Унн недавно сломала коренной зуб, грызя лесной орех. Виги не удалось самому вытащить один из корней, и пришлось звать на подмогу Будивоя из Хейдабира с клещами. Несмотря на лучшую помощь, оказанную по последнему слову знахарской науки (кузнец, по настоянию Виги, даже вымыл клещи с мылом, сделанным из выщелоченной водой ясеневой золы и козьего жира), весь случай оставил у вдовы не совсем приятное впечатление.
– Старуха, скажешь тоже… Кого два года назад на ярмарке за старшую сестру собственной дочери приняли? – напомнил грамотник.
Любвеобильный лютич, действительно допустивший такую ошибку, был, конечно, пьян, но еще отнюдь не до утраты разбора в качествах противоположного пола, и Унн действительно выглядела весьма глазоутешно. «Основательная женщина,» – с одобрением подумал Виги, вслух продолжив:
– Будь я лет на тридцать помоложе, сам бы за тобой приударил.

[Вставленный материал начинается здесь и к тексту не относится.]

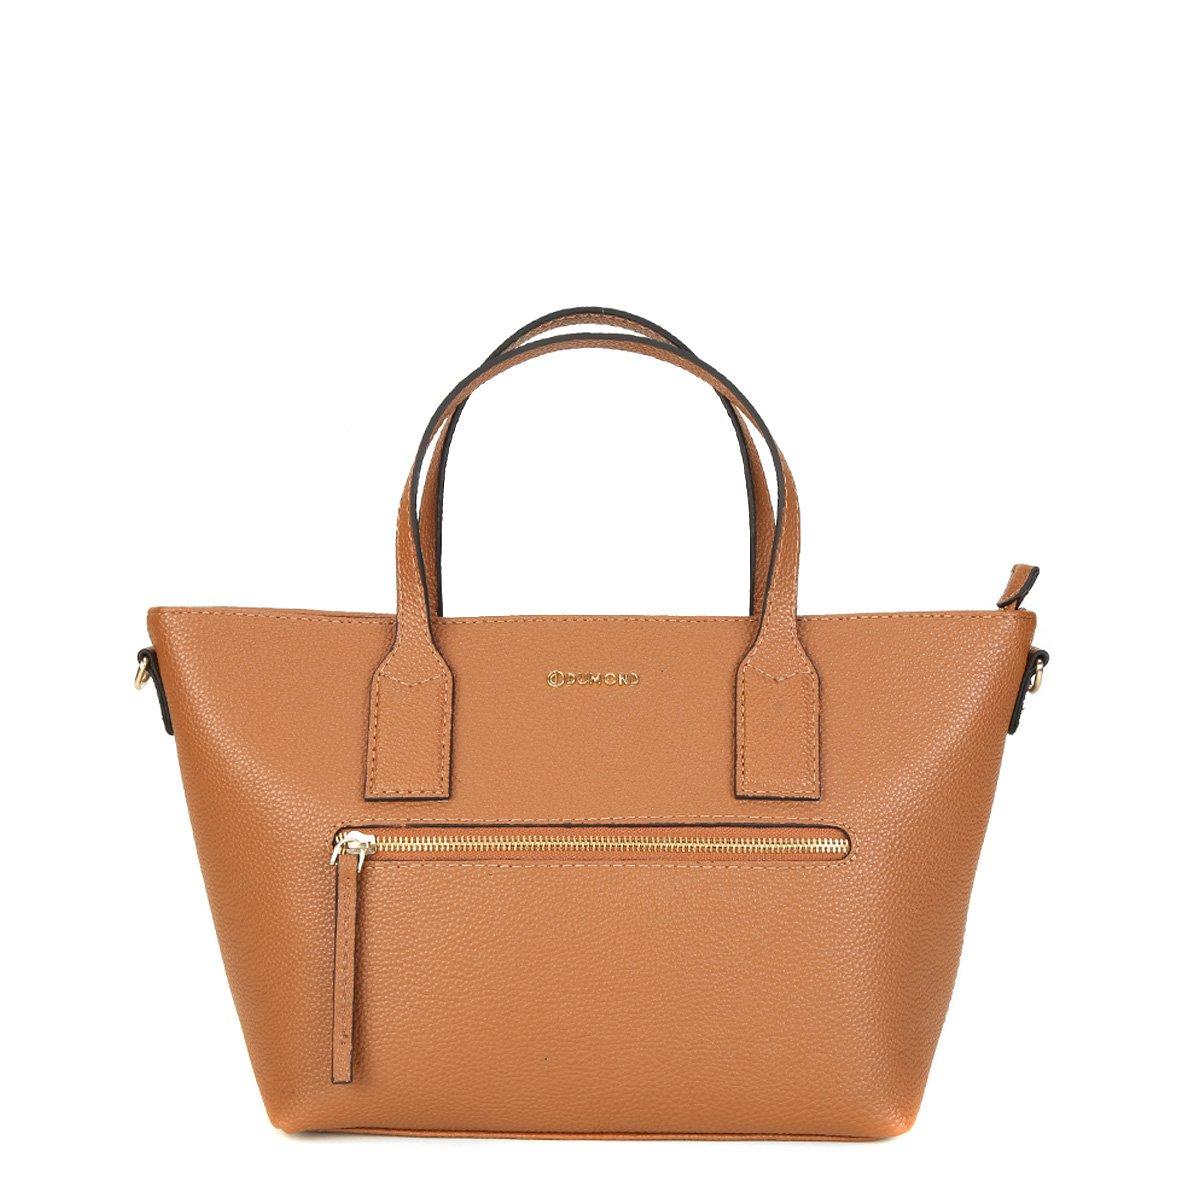 6c6ac8f52 Bolsa Dumond Shopper Grande Alça Transversal Feminina | Livelo -Sua ...

– Да ладно тебе, льстивец медоречивый, – с улыбкой вдовы все было в порядке, впрочем, как и с трезвостью ее рассуждения. – Скажешь все-таки, зачем пришел?
Прожевав кусок колбасы, обильно сдобренной морской солью и тингеборгским перцем, грамотник признал:
– Ничего-то мне, старому, от вас, молодых, не утаить. Все пытаюсь понять, что за дело вышло с Ульфбертом. Вроде самого Бельдана ученик, в Хейдабире местные кузнецы его слушали, что Волунда, и вдруг на тебе – украл снеккар, удрал в Свитью, да еще Нафни, Вратислава, и Коля с собой сманил. Может, Нидбьорг что знает?
Унн махнула рукой:
– Нидбьорг никак не проплачется. Совсем на ее обычай непохоже. Единственное, что я из нее вытянуть могу – что, мол, это все ее вина. Что она ему такое сказала? Как бы не пропал теперь парень…
– Любовь, – только покачал головой Виги.
Глава 78
На украшенную сложным переплетением узоров и изображений спину плосколицего мистика падал рассеянный свет, пробивавшийся сквозь вделанные в верхнюю часть шатра полупрозрачные прямоугольники. Тира задумалась – какого размера были рыбы, чьи пузыри пошли на изготовление световых окон? Саппивок обтер тонкое, на грани видимости, орудие замшей, смоченной в вине, опустил его в полую стеклянную трубку, закрыл пробкой, повернулся и сложил руки – в точности как мистагог Плагго. Сидевший на обшитой лошадиной шкурой подушке Длинный Хвост с любопытством наблюдал за действиями хозяина. На вполне понятном языке гегемонии, мистик (кого за способность к видениям точнее было бы называть теомантом), рассудил:
– Серебряные и золотые иглы, что Кнурсхоласт сработал – большая подмога. Оливковое масло смазывает ничуть не хуже топленого тюленьего сала. Вот про крепкое вино я так и не уверен, мне все кажется, тюленья моча лучше.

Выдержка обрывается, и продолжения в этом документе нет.